Quick Friday hit for the 0 people following along my project and the dozen people discovering this years later from Google.
There aren't any good examples on creating a Ruby class with mruby that encapsulates data not used within the VM. This is something you need when you're using mruby to interface with a C library that provides it's own data types. You want to call methods in Ruby which run C code calling out to the external library. Examples include database systems, graphics APIs and interacting with the operating system.
It's a different though simpler process with mruby than mainline Ruby. C Ruby requires a separate allocate method before initialize. With mruby we can perform all operations with creating and storing C data all within the initialize method.

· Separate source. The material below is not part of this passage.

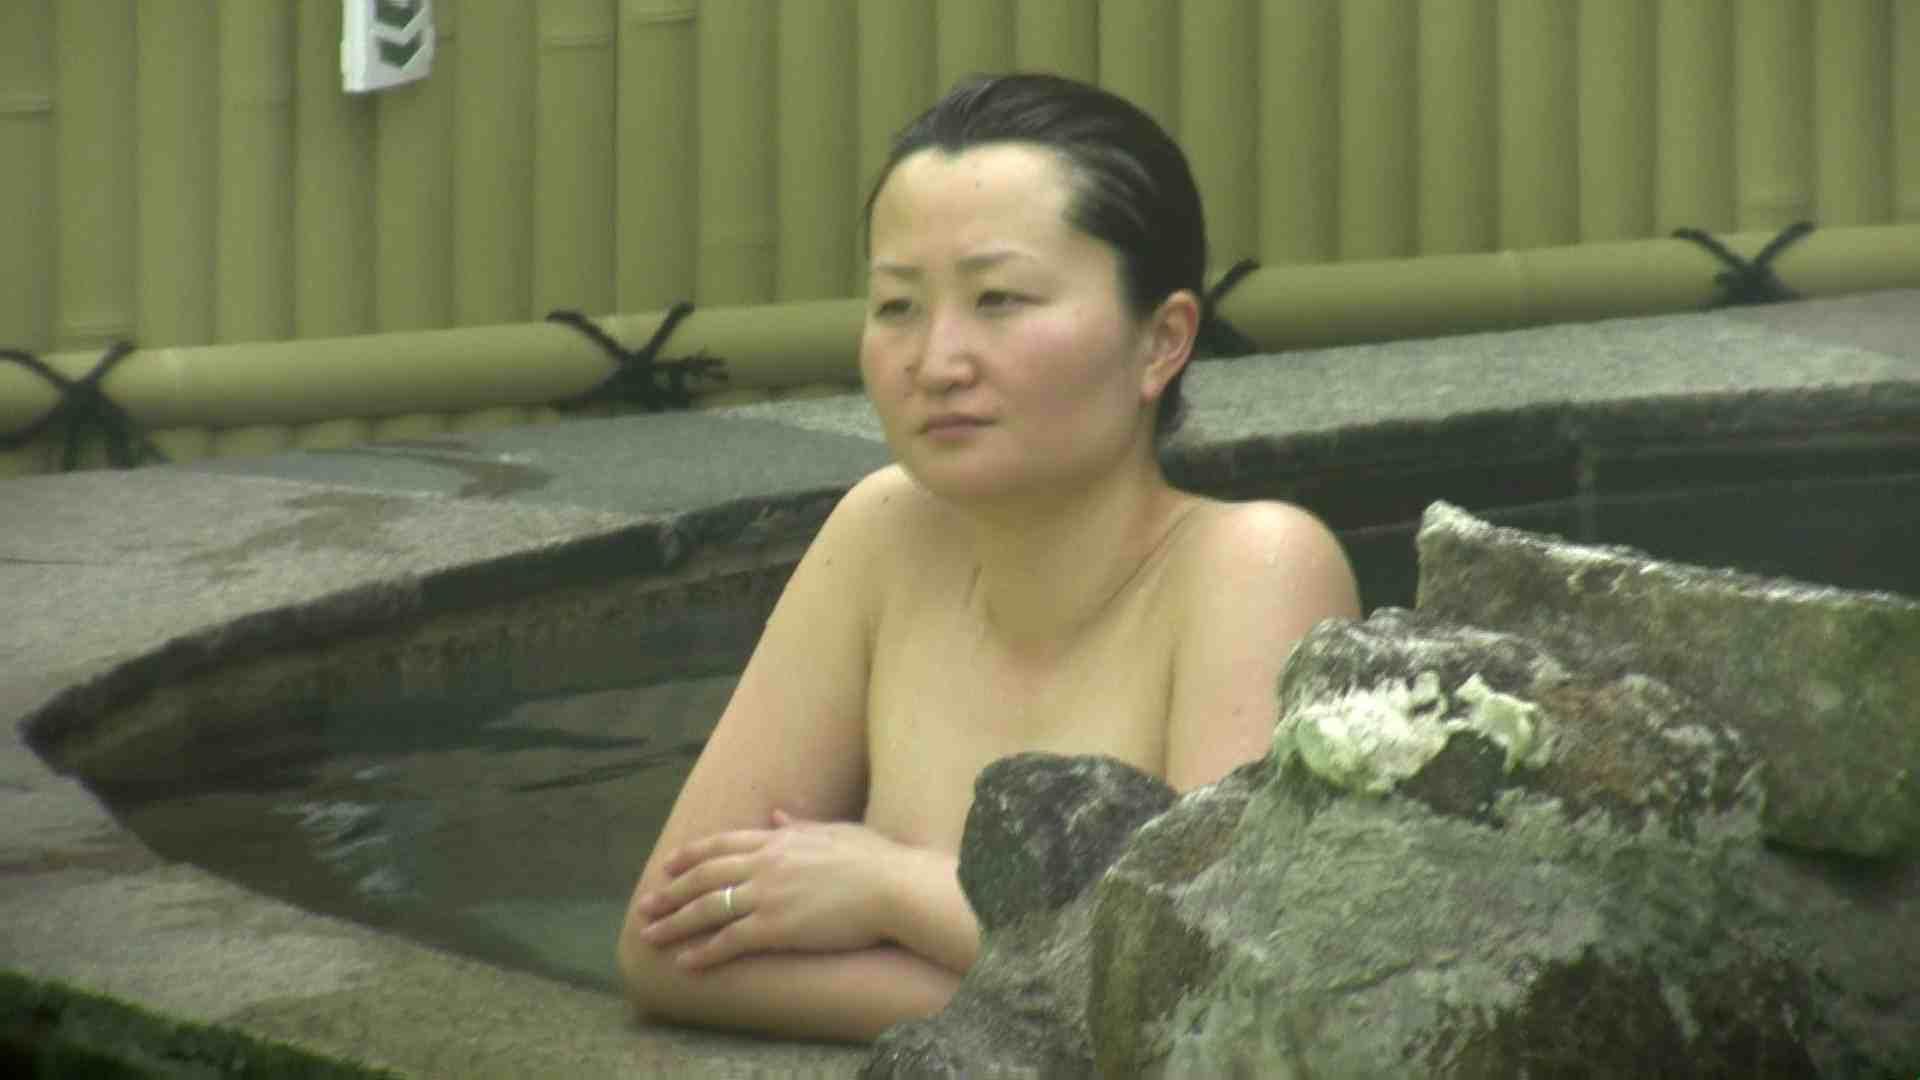 Aquaな露天風呂Vol.632 女体盗撮 | 露天  75連発 7
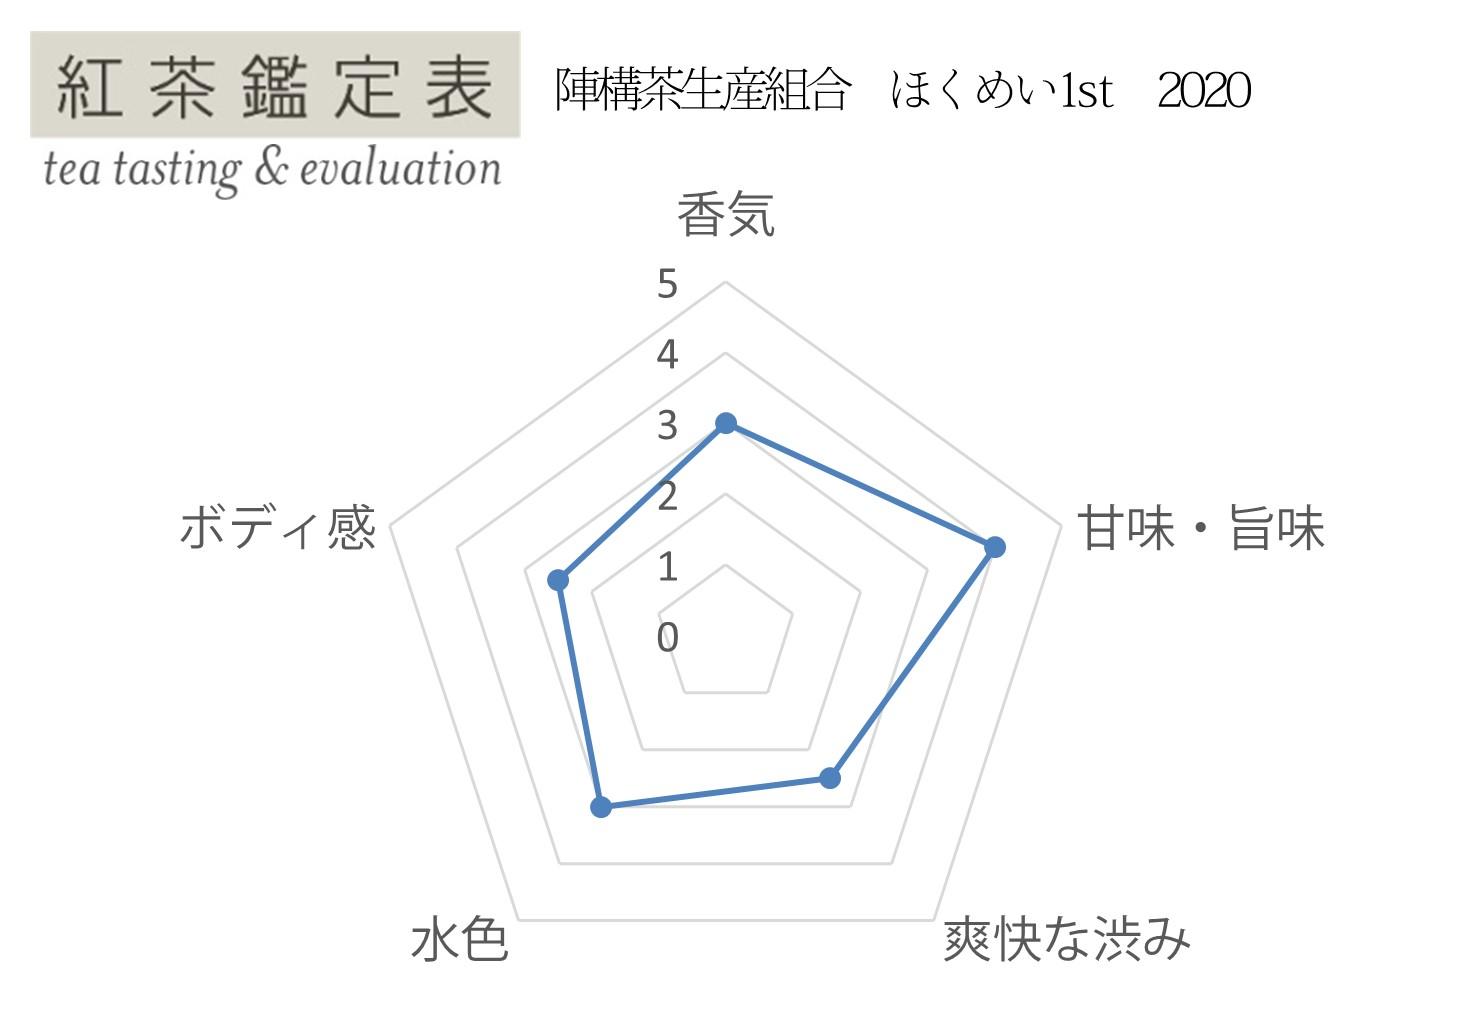 【紅茶鑑定表】陣構茶生産組合 ほくめい1st

We'll use a contrived Foo_data struct.
struct Foo_data {
uint32_t first[16];
uint32_t second[16];
};
For demonstration we'll create a constructor for a Foo class taking one integer parameter. This parameter will instruct how to fill out the first and second members of a Foo_data struct that's a part of an instance of Foo. Building a Ruby Foo class in C like usual
mrb_state *state = mrb_open();
RClass *Foo = mrb_define_class(state, "Foo", state->object_class);
MRB_SET_INSTANCE_TT(Foo, MRB_TT_DATA);
mrb_define_method(state, Foo, "initialize", Foo_initialize, MRB_ARGS_REQ(1));
mrb_define_method(state, Foo, "check", Foo_check, MRB_ARGS_NONE());
There's a highly important new thing here. The MRB_SET_INSTANCE_TT sets the class object table type to the one specified. In this case we're setting this to a special MRB_TT_DATA. I neglected to do this step and encountered erratic difficult to debug program behavior. The program would follow pointers to nowhere and quit outright, not throwing the normal Access Violation error normally seen when following wild pointers.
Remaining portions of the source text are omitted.